The sun moves on to us again and I sit back. When it passes us my muscles harden. It makes me think of Astrakhan, every time. The shadow of the moon, big as a country, coming across the water towards us. The surface of the moon, the surface of Russia. I was calculating them together, but I never finished. I remember my father’s expression when he turned to face the moon’s shadow. He looked terrified. It was like looking into a mirror. This is the last time I will feel for my father.

  He changes down gears at the corner of Aleksandra Fredy Street. Changes to fourth again, picking up speed. I look across at him: his face is curious, as if he is waiting to be hit. I don’t understand it. I look away. Out of the side-window I can see the Strug Estate. The blocks stick up, arranged in pairs, like the points of electric plugs.

  ‘Fire.’

  His voice surprises me. I look round at him and then follow his eyes, back to the estate. From one of the blocks smoke is rising. A or B Block; not ours, which is further away. It is not like coal smoke, which is brown; this is black and thin. It is a small fire, but the smoke still goes up and up. I am surprised at how far the smoke goes. Miles up it drifts away, east towards Oswiecim.

  ‘Maybe it’s your mother. She’s been burning duck eggs again.’

  I say nothing. Now we turn off Energy Street. The smoke is coming from A Block, and I roll down the window and look out. The afternoon sun catches off the flat windows. Only high up there is one burnt-out window. The glass is all gutted out, the windows dulled two flats above it.

  ‘At least it’s not us. At least we’re all right, eh?’

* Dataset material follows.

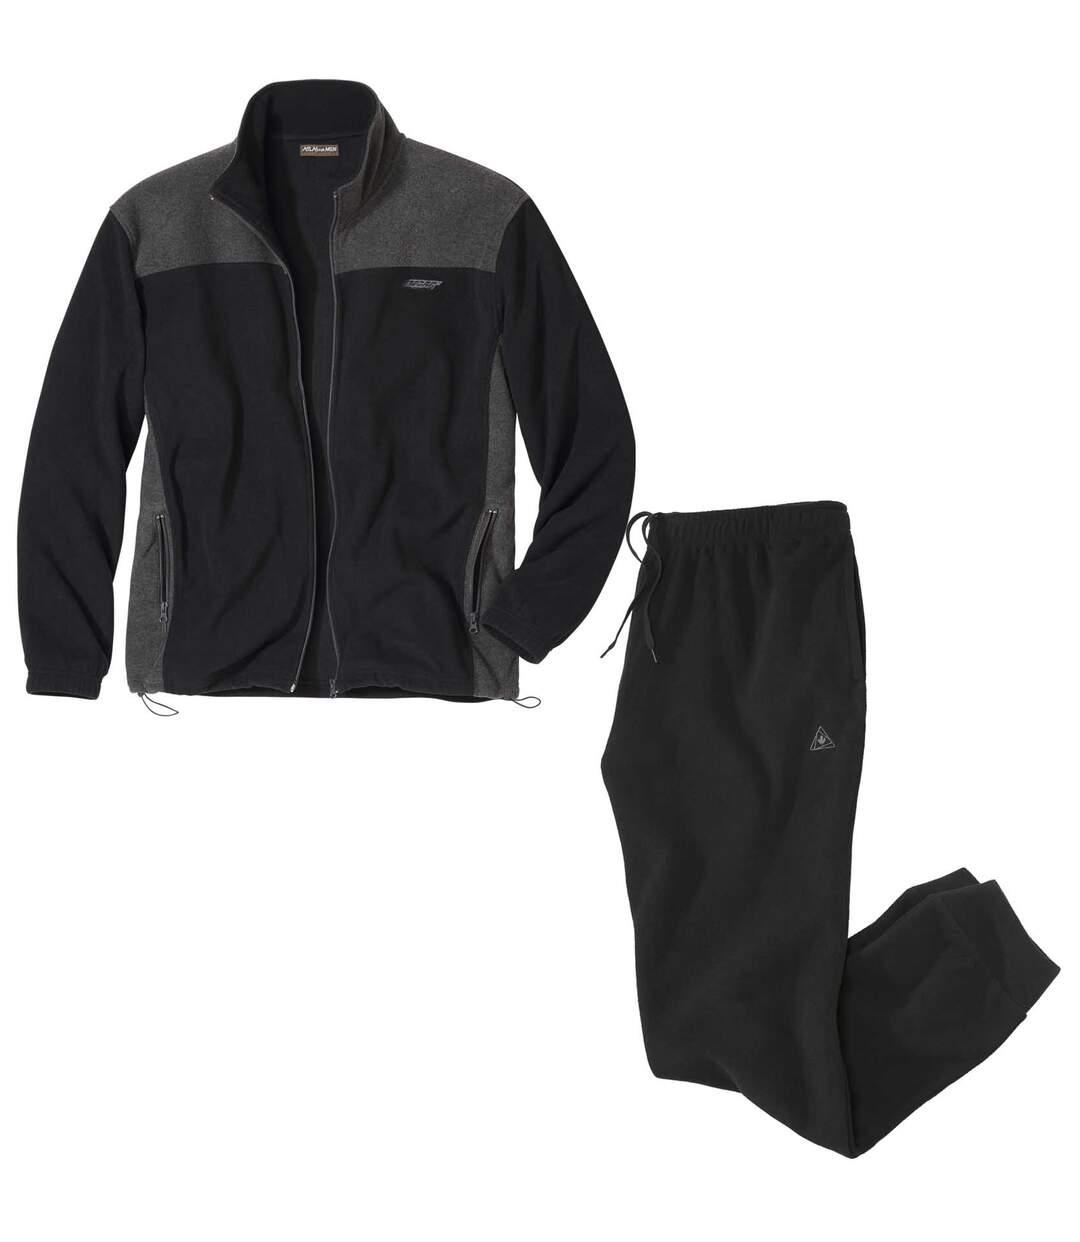 Bequemer Jogging-Anzug aus Fleece

  We are all right. Not good, not bad. I try to picture my mother’s face and it has gone. I put my head right back to see the fire. I count up the floors. Five, six, seven. The sunlight races over and past us.

  13

  Still

  He opens his eyes.

  Nothing happens. It is as if his face is paralysed without his mind knowing. As if he is blind. The tunnel dark lies against his face. Somewhere there is the sound of shaking metal and shouting. But he no longer understands this. In the dark he understands nothing at all.